This protection applies to all client interfaces, except those that already have interface-level circuit breaking rules configured.
When to use it
Abnormal call circuit breaking handles two scenarios:
Timeout scenarios -- Frequent timeouts on a client interface usually indicate that the service provider is experiencing issues. Without circuit breaking, requests queue up and eventually affect other interfaces in the calling application. Circuit breaking enables fast failure, preventing request queuing.
Non-timeout error scenarios -- Frequent non-timeout errors on a client interface. Circuit breaking allows the system to report relevant errors for user handling, minimizing the impact of the issues and optimizing the user experience when the issues occur.
Console layout
The Abnormal Call Circuit Breaking section has two panels:
Left panel -- Lists circuit breaking events reported within the previous 5 minutes, at a 5-minute reporting interval.
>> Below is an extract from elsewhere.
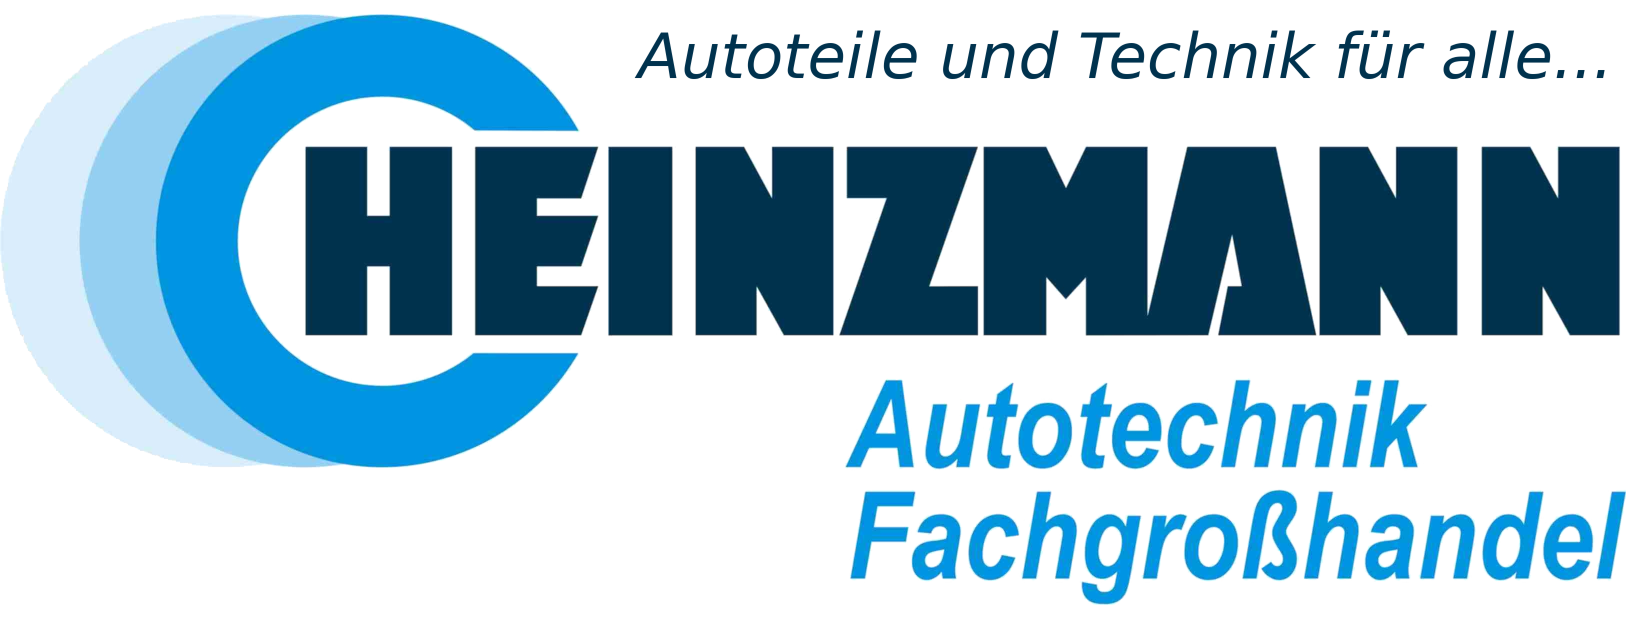 Heinzmann - Autotechnik Fachgoßhandel - Logo 1626x622

Right panel -- Shows the top 10 interfaces with the highest abnormal call percentage over the previous 5 minutes.
Parameters
| Parameter | Description |
|---|---|
| ON | Close: Disabled. Enable: Triggers circuit breaking when the abnormal call percentage exceeds the threshold. |
| Circuit Breaking Percentage Threshold (%) | Error percentage that triggers circuit breaking on an interface. |
| Exception Settings | Interfaces excluded from this rule. See Exception settings. |
Advanced settings
| Parameter | Description |
|---|---|
| Statistics Window Duration (s) | Length of the statistics window. Valid range: 1 second to 120 minutes. |
| Circuit Breaking Duration (s) | Duration of the circuit breaking period. During this period, all requests to the affected interface fail immediately. |
| Minimum number of requests | Minimum number of requests required within the statistics window to trigger circuit breaking. If the request count is below this value, circuit breaking does not trigger even if the error percentage exceeds the threshold. |
| Fuse recovery strategy | Controls how the circuit breaker recovers after the circuit breaking period ends. Single detection recovery -- The circuit breaker tests the next request after the circuit breaking period. If the request succeeds (no slow call or abnormal call), the circuit breaker closes. Otherwise, circuit breaking triggers again. Progressive recovery -- Requires the Number of recovery phases and Minimum number of passes per step parameters. The circuit breaker gradually increases the percentage of allowed requests across multiple stages. See Progressive recovery. |
Progressive recovery
After the circuit breaking period ends, the circuit breaker steps through recovery stages, gradually increasing the percentage of requests allowed to pass.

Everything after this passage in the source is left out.